Everytime before we know it, it’s time to eat again! :X
Meet Yvonne and Glen!


What awaited us after dinner was a trip down to Zhou Water Village 周庄. This is probably one of the best parts of this tour! Going past the water canals and enjoying the picturesque structures. Suzhou used to be a water town with far from few roads. People had to get around in boats hence it was compared to being the Venice of the East.






I’m sure if it wasn’t freezing cold I would like to stand outside and marvel at the lighting and sights infront of my very own eyes.




SINGAPORE!!! Y U NO HAVE SUCH NAISE PLACES?
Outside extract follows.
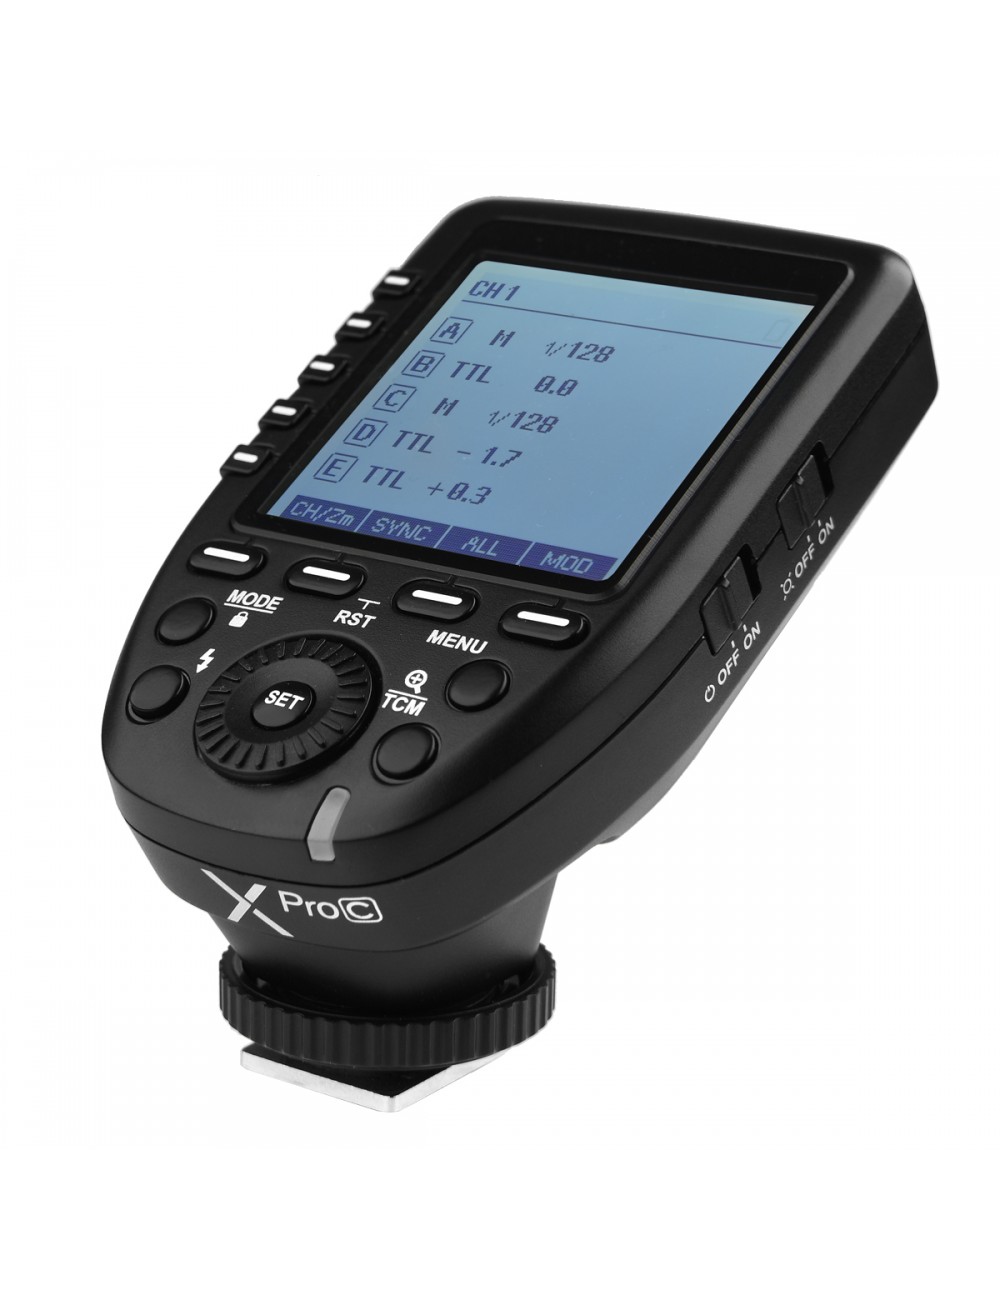 GODOX XPRO Radio Trasmettitore Canon

Suzhou 苏州 Hotel – Suzhou Golden Dynasty Hotel 金色皇朝大酒店

In the itinerary for this tour, we always knew that there was 1 optional tour that cost SGD $80/pax. It was later increased to SGD $100/pax with an extra acrobats performance thrown in. I later realized that a couple of the places in this optional tour are merely shopping areas. I wonder what if any passengers from the tour had opted out from this optional tour, would they drop off those who don’t want the tour back at the hotel first? But everyone usually heads to drop off our baggage at the hotel before heading out… I guess they are pretty confident that everyone would take up the package. Frankly, out of the 5-6 things promised on the optional tour, probably only 2 things are worthwhile. So if you ever take up such deals, check if the attractions/areas they’re bringing you to are worthwhile. If they are merely shopping malls/areas then I suggest you do not take it up. The following is an example of an area promised in the optional tour. It was quite boring because due to winter, many shops are closed and it’s simply too cold to walk comfortably in the streets:
Guanqian Street 观前街
“Lying in the downtown core of Suzhou, the main theme of the street involves eating, shopping and entertaining. There are hundreds of shops, restaurants, bars, stores and clubs in old fashioned structures surrounded by colorful signs and neon lights along the street.” – jiangsu.net



Ant and I gave up shopping for stuffs for ourselves and bought snacks instead. I can’t quite remember what the above is called, but it has a pretty unique taste to it, a little bit sour and a whole lot of sweetness.
That marked the end of our Day 2! On Day 3, we headed to Wuxi 无锡 for some fun. I have heard of this city before but I have never got to know what could be so unique about her. In Wuxi 无锡, we were brought to visit Three Kingdoms City 无锡三国城 as well as Purple Sand Teapot Museum 紫砂壶博物馆!